I.e., the likelihood of “collisions” is nearly nonexistent.
Although you did end up clarifying this point later on, I would have been a lot more comfortable if you had been clear on this matter from the outset.
I don’t think most data breach notifications would tell the customers whether the passwords were breached or not. They simply would not include that sentence, especially the phrase “passwords stored as bcrypt hashes”, as most end users wouldn’t know what a “bcrypt hash” is anyway.
From what I’ve seen . . . mostly via HaveIBeenPwned . . . the phrase “and hashed passwords” is actually quite common. Security-knowledgable people read those reports as well, and if there’s nothing about passwords then it’s the FIRST thing they ask.
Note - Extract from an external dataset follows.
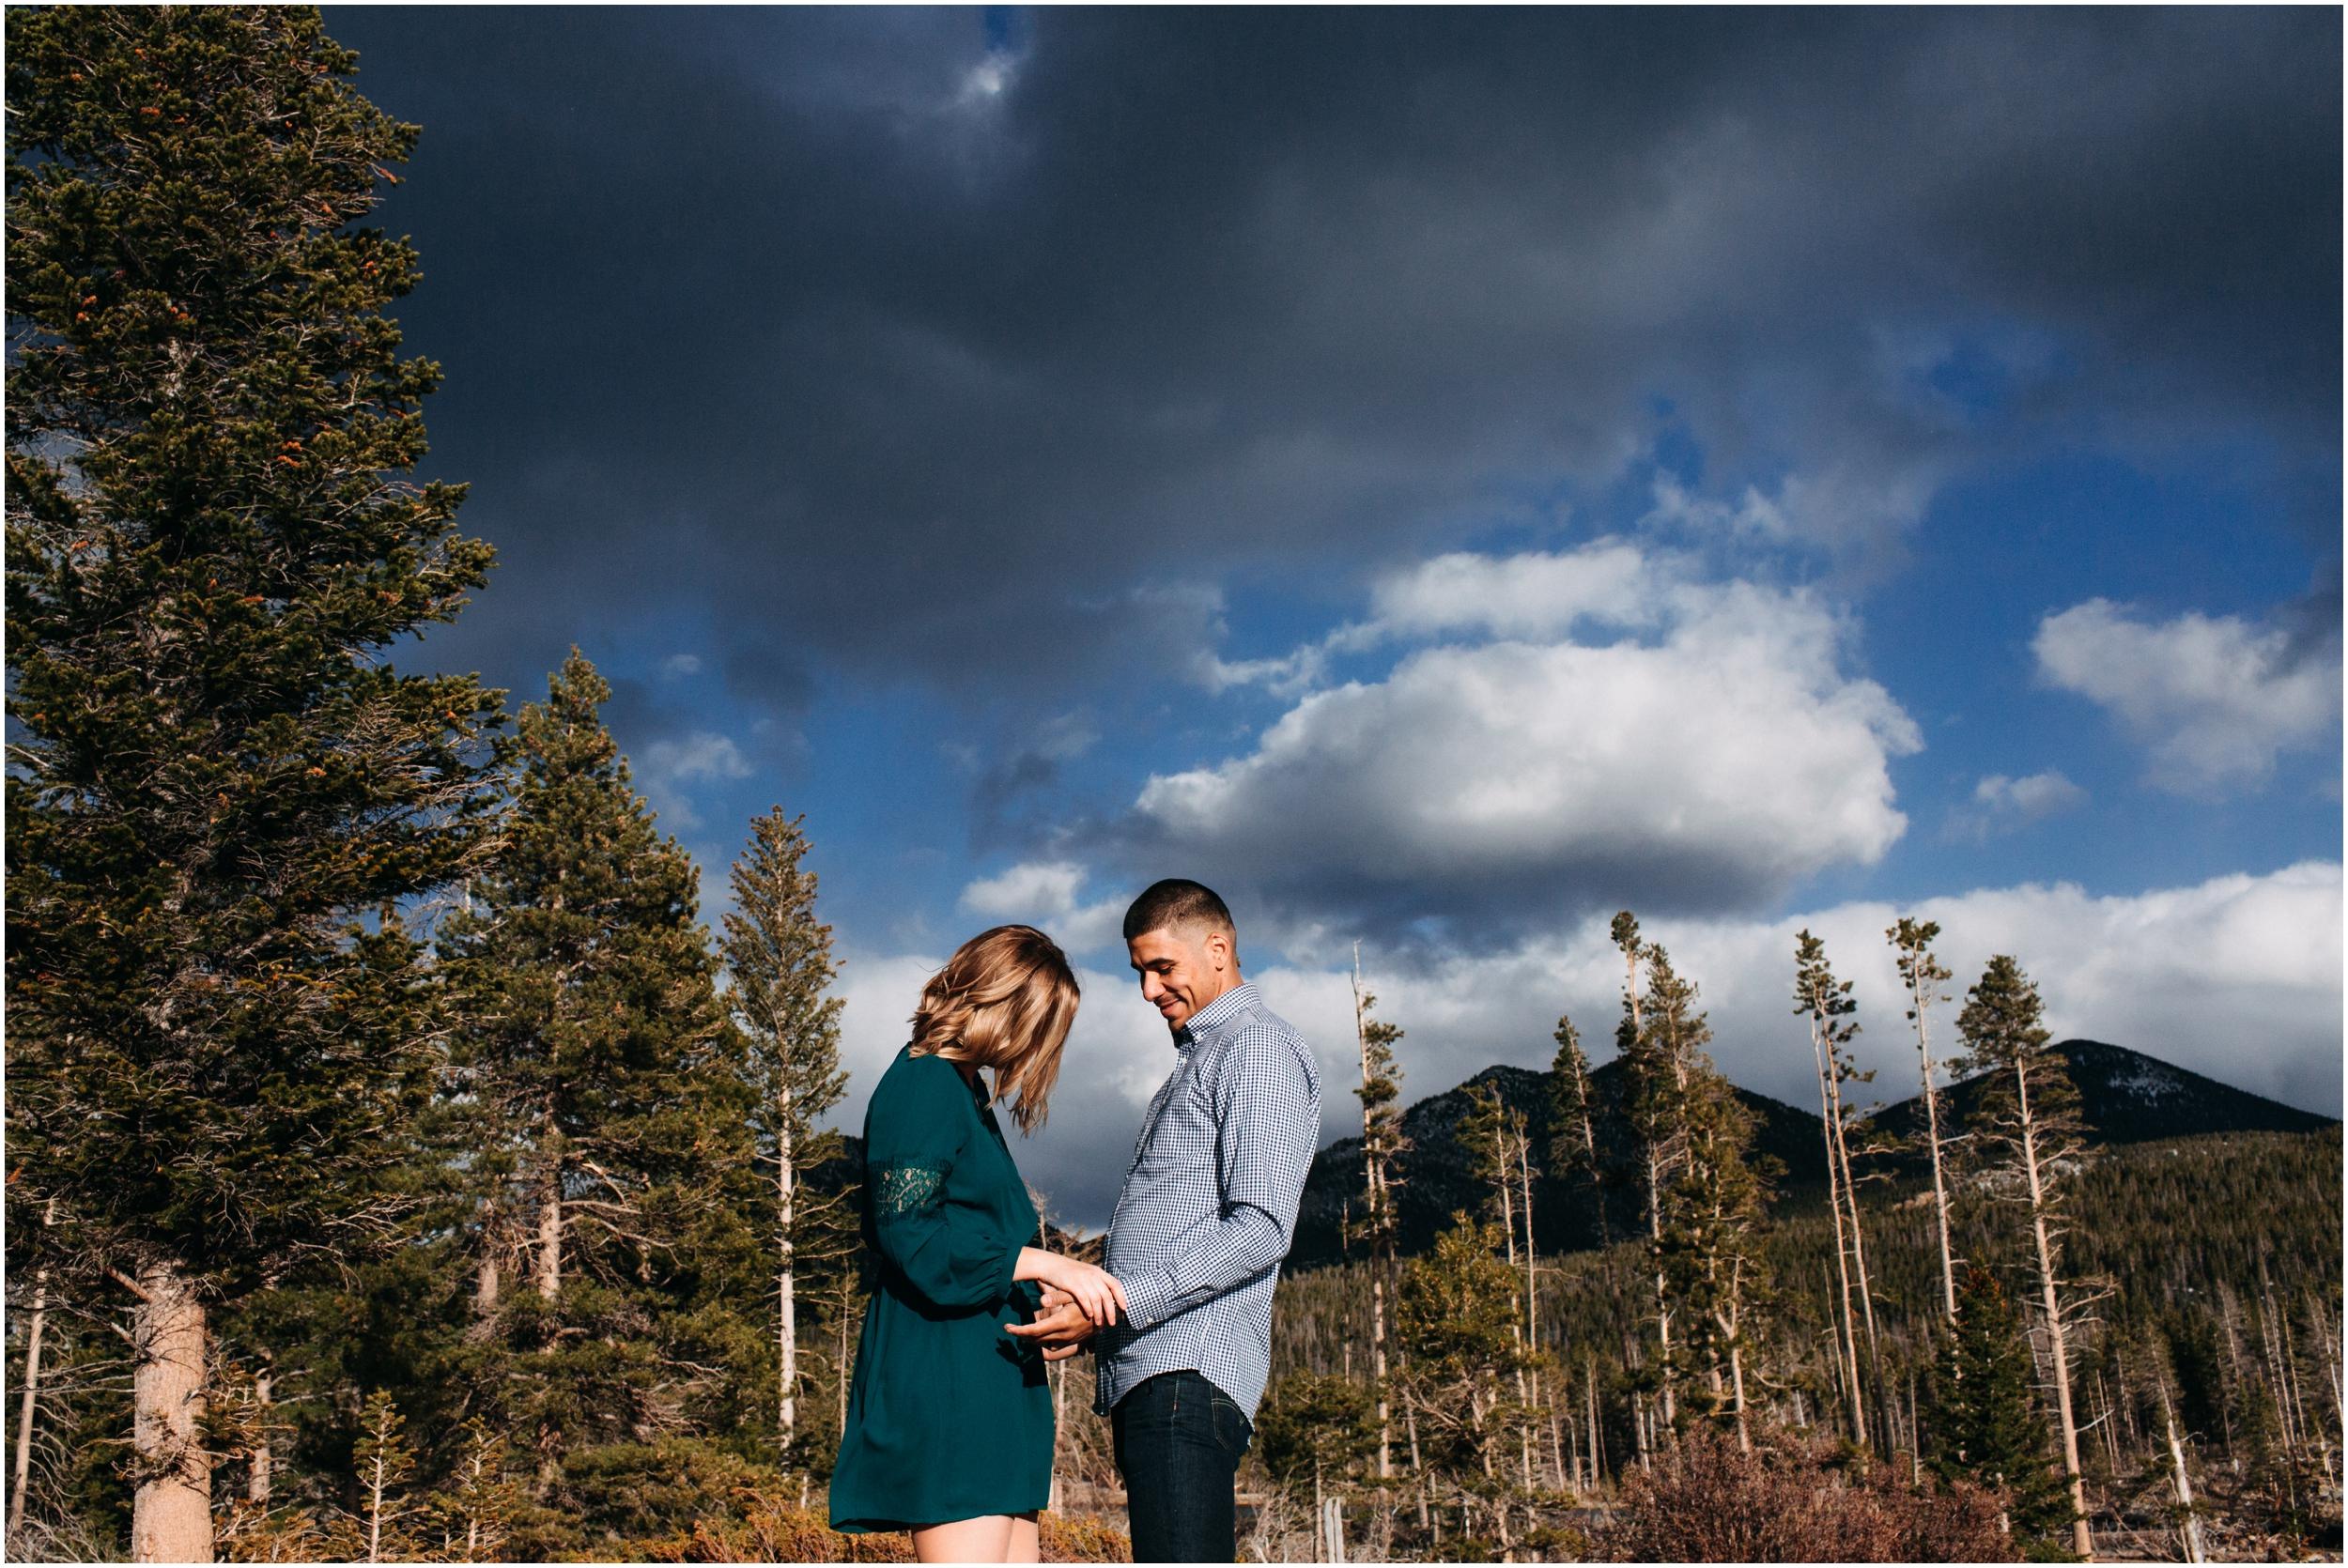 rocky-mountain-national-park-elopement-sprague-lake-colorado-adventure-wedding-photographer_taylor-powers_36.jpg

I just finished submitting the following on the Ask Leo page:
I have software that requires me to change my password every 90 days, which I dutifully do by simply changing two characters in the password to correspond to the quarter of the year, thereby enabling me to enter the password from memory. On other sites, when I have to submit a new password they may not accept a similar change. How is it, if they only have a hash of my password, that they can tell my new one is similar to my old one?
And followed a link to this discussion, which may have answered my question but I’m still uncertain. Would anyone care to expound?
They can save the hashes of your previous passwords to ensure you don’t re-use any old ones.
To judge “similarity” the only way I can think of to do that is to store the actual password. Both (judging similarity and storing the password) are bad ideas.
And I answered
“If they only have the hash, they can’t tell that you used a similar password. If they know it’s similar to a previous password, it appears they are doing security wrong and storing your password unencrypted.
Try a password recovery on their site to see if they send you your password. If they do, you know they are doing it wrong.”